The response should be an exact copy of the records, with the pictures removed.

Top of INFORMATION SUPPLIED

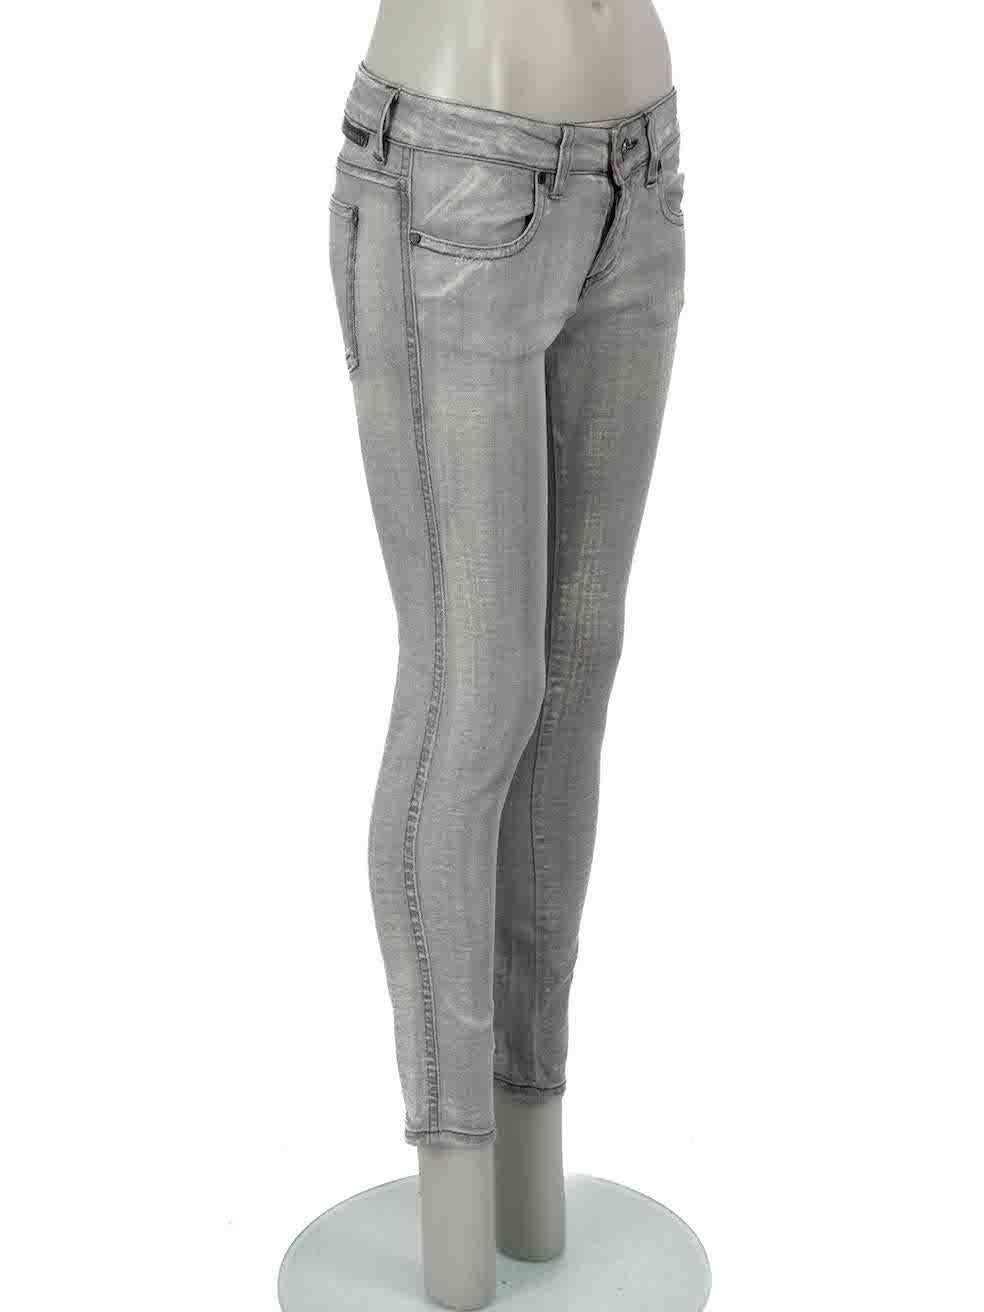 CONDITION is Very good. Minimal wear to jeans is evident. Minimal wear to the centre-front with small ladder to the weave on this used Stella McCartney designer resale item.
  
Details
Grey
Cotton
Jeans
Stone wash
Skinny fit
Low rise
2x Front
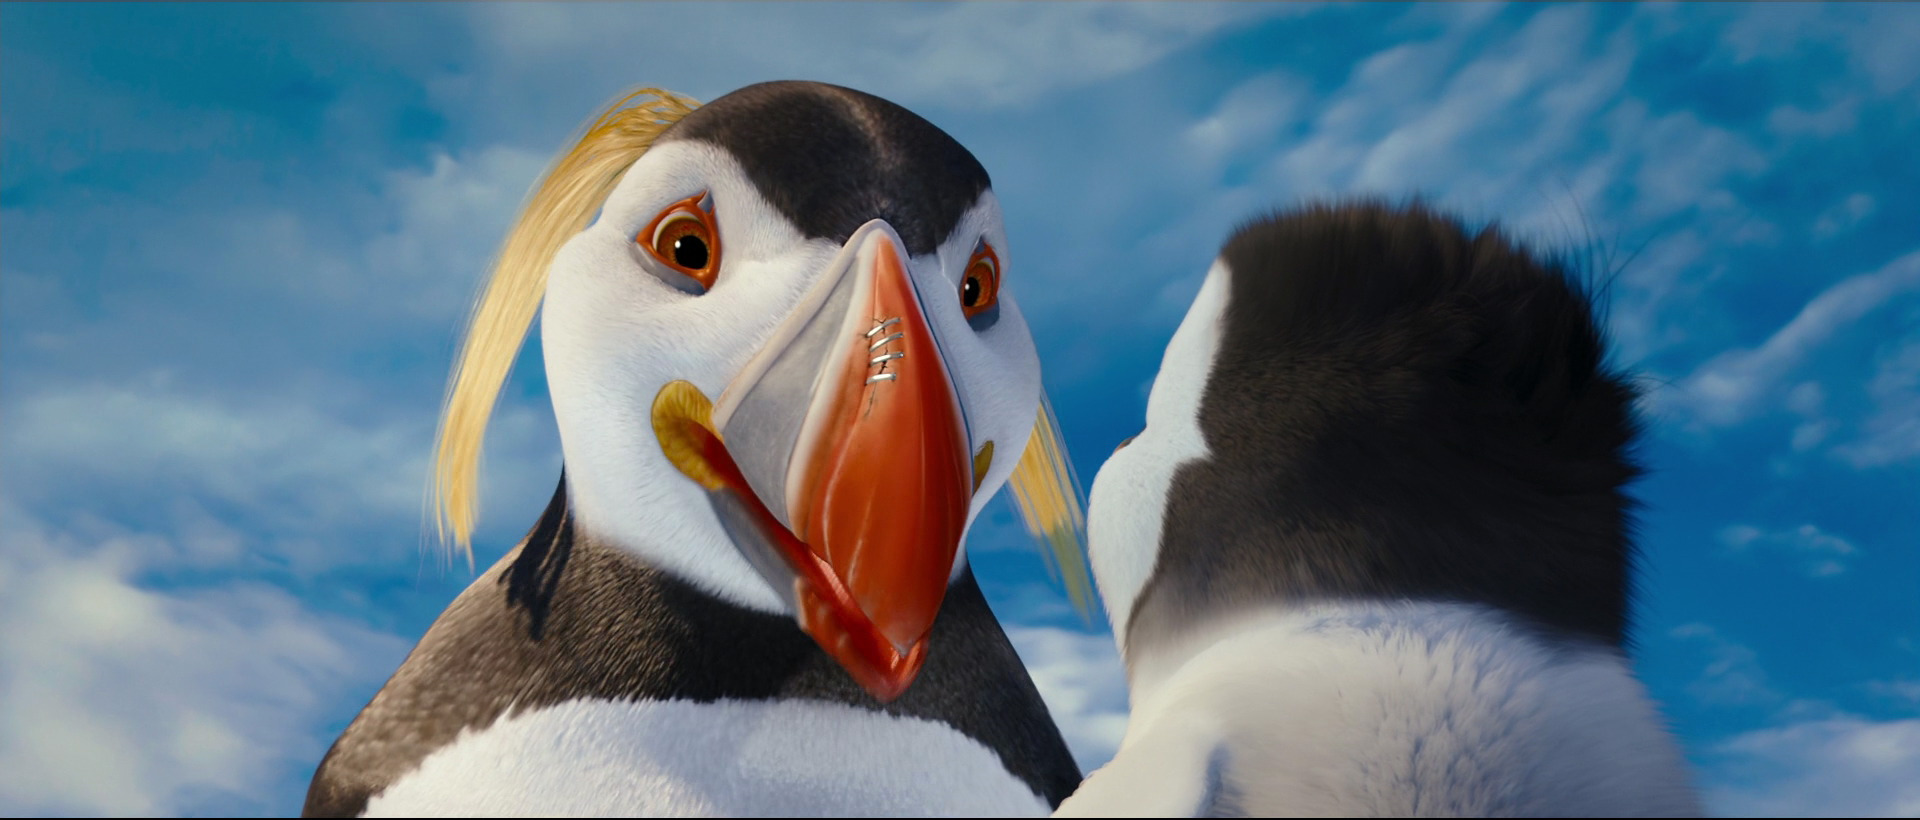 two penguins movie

Bottom of INFORMATION SUPPLIED

EXERCISE OUTPUT:
 CONDITION is Very good. Minimal wear to jeans is evident. Minimal wear to the centre-front with small ladder to the weave on this used Stella McCartney designer resale item.
  
Details
Grey
Cotton
Jeans
Stone wash
Skinny fit
Low rise
2x Front
 two penguins movie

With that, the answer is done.